また、法人向け銀行口座についてEU全体で頼れるような一般的な法的権利も存在しない。EUの決済口座指令(Payment Accounts Directive)は、EU域内に合法的に居住する消費者に基本決済口座を持つ権利を保障しているが、この権利は個人が私的な立場で行動する場合に明確に限定されており、法人には及ばない。一部の加盟国は独自にさらに踏み込んでおり、フランスでは銀行に取引を拒否された事業者が、フランス銀行(Banque de France)に対し、基本口座を開設しなければならない銀行を指定するよう求める権利を持つ。ただしこれはフランスの国内法であってEU全体の規則ではなく、英国や米国には同等の制度は存在しない。こうした法律が整備されていない法域では、実務上の結論は決済口座に対するものと同じだ。事業者に銀行を持つ権利を保証してくれる者は誰もいないのだから、事業者自身が予備の手立てを用意するしかない。
通知が届く前に用意しておくべき計画
二つ目の口座は、最初の口座が閉鎖される前に、別の金融機関で開いておく。閉鎖された後ではもう遅い。唯一の口座が凍結されたその週になって初めてバックアップ策を探し始めるディレクトリサイトは、給与の未払いと、最も速く動いてくれる事業者への緊急オンボーディング費用の支払いという、二つの悪い結果のどちらかを選ばされることになる。落ち着いて事前に築いておいた二つ目の取引関係なら、かかるのは数時間分の事務手続きだけで済む。

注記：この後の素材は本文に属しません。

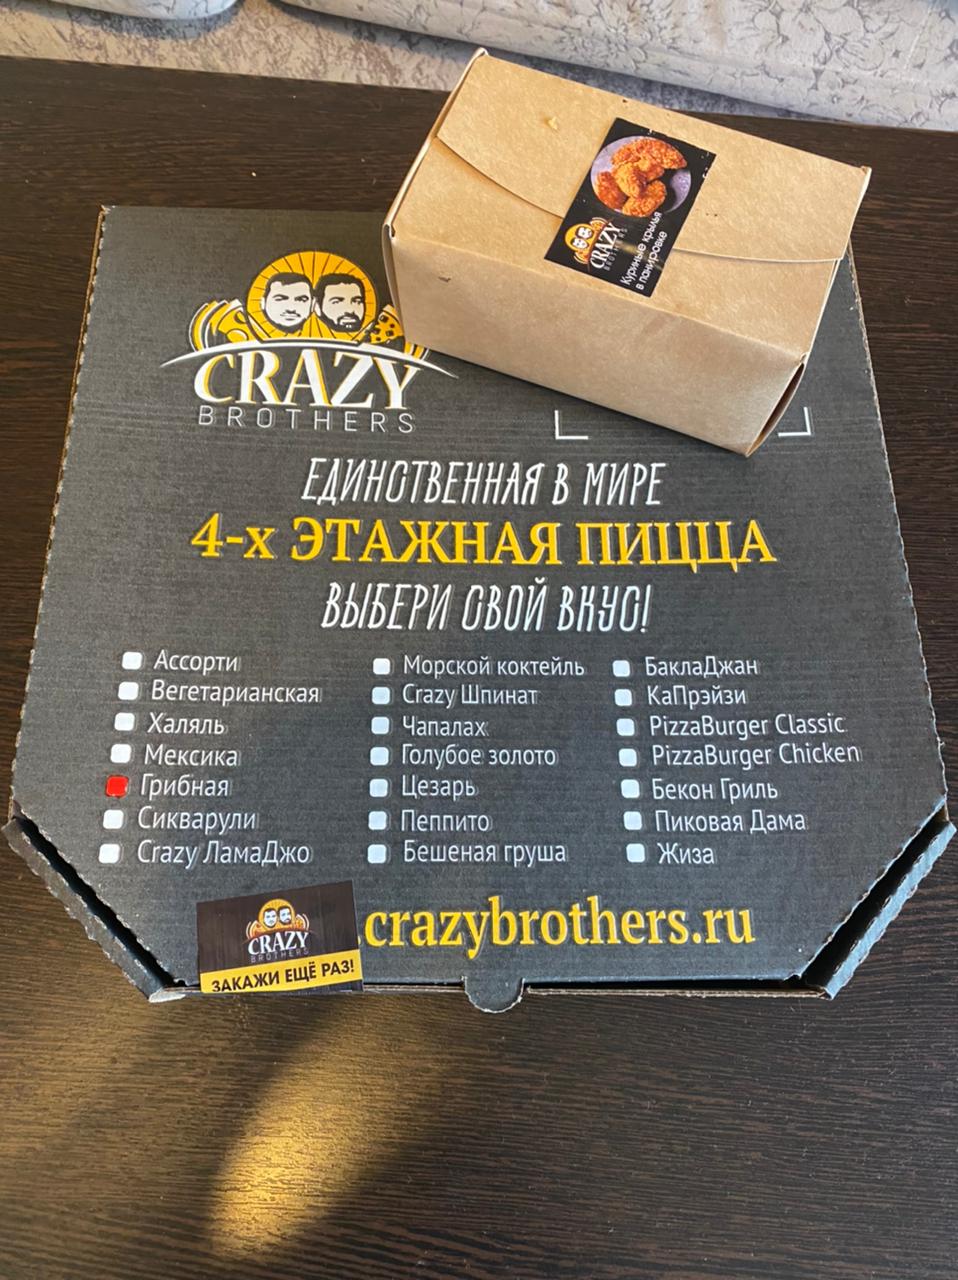 Crazy brothers. Пиццерия Crazy brothers. Crazy brothers меню. Пицца жиза Crazy brothers. Купон Crazy brothers.

資金を一つの口座に集中させず、実際の置き場所を分散させる。バックアップ口座には、固定費や給与、ホスティング費用を週単位ではなく月単位でまかなえるだけの残高を常に確保し、定期的に補充しておく。そして、すでにカードネットワークのチャージバック監視プログラムに組み込まれている決済口座のほうを、二つのうちより脆弱な口座として扱うべきだ。その関係を審査する銀行が目にしているのは、まさに閉鎖の判断が下される際の材料そのものだからである。
回避策として事業の収入や支出を個人口座に通すことは絶対に避ける。それだけでほとんどの個人口座の利用規約違反にあたるうえ、個人口座を通じてアダルト業界の商業活動が行われていることを銀行が発見すれば、その個人口座も閉鎖される可能性が高い。そうなれば経営者は同じ週のうちに、事業用の取引関係と家庭の銀行口座の両方を同時に失うことになる。
新しい取引先には、事業内容について正直に伝える。銀行の申込書における重要な虚偽記載は審査を回避する近道にはならず、口座そのものをはるかに超えて事業とその役員につきまとう、別種の法的問題になる。この業界を収益を上げながら扱えている事業者は、その業界を正確に審査できる仕組みを備えているからこそそうできているのであり、正しい相手に正確な申し込みをするほうが、間違った相手に曖昧な申し込みをするよりも早く承認される。
最後に、決済代行業者への申し込みで使った所有権や本人確認の書類、すなわち法人設立書類、株主構成、住所証明、主要株主全員の本人確認資料を常に最新の状態に保ち、すぐに再利用できるようにしておく。こうした資料一式をすでに整えている事業者に対して新規口座を開設する銀行は、ゼロから始める場合よりも早く動いてくれるし、実際に口座が閉鎖されたその週に、追い詰められた状態で書類をかき集める手間が一つ減ることになる。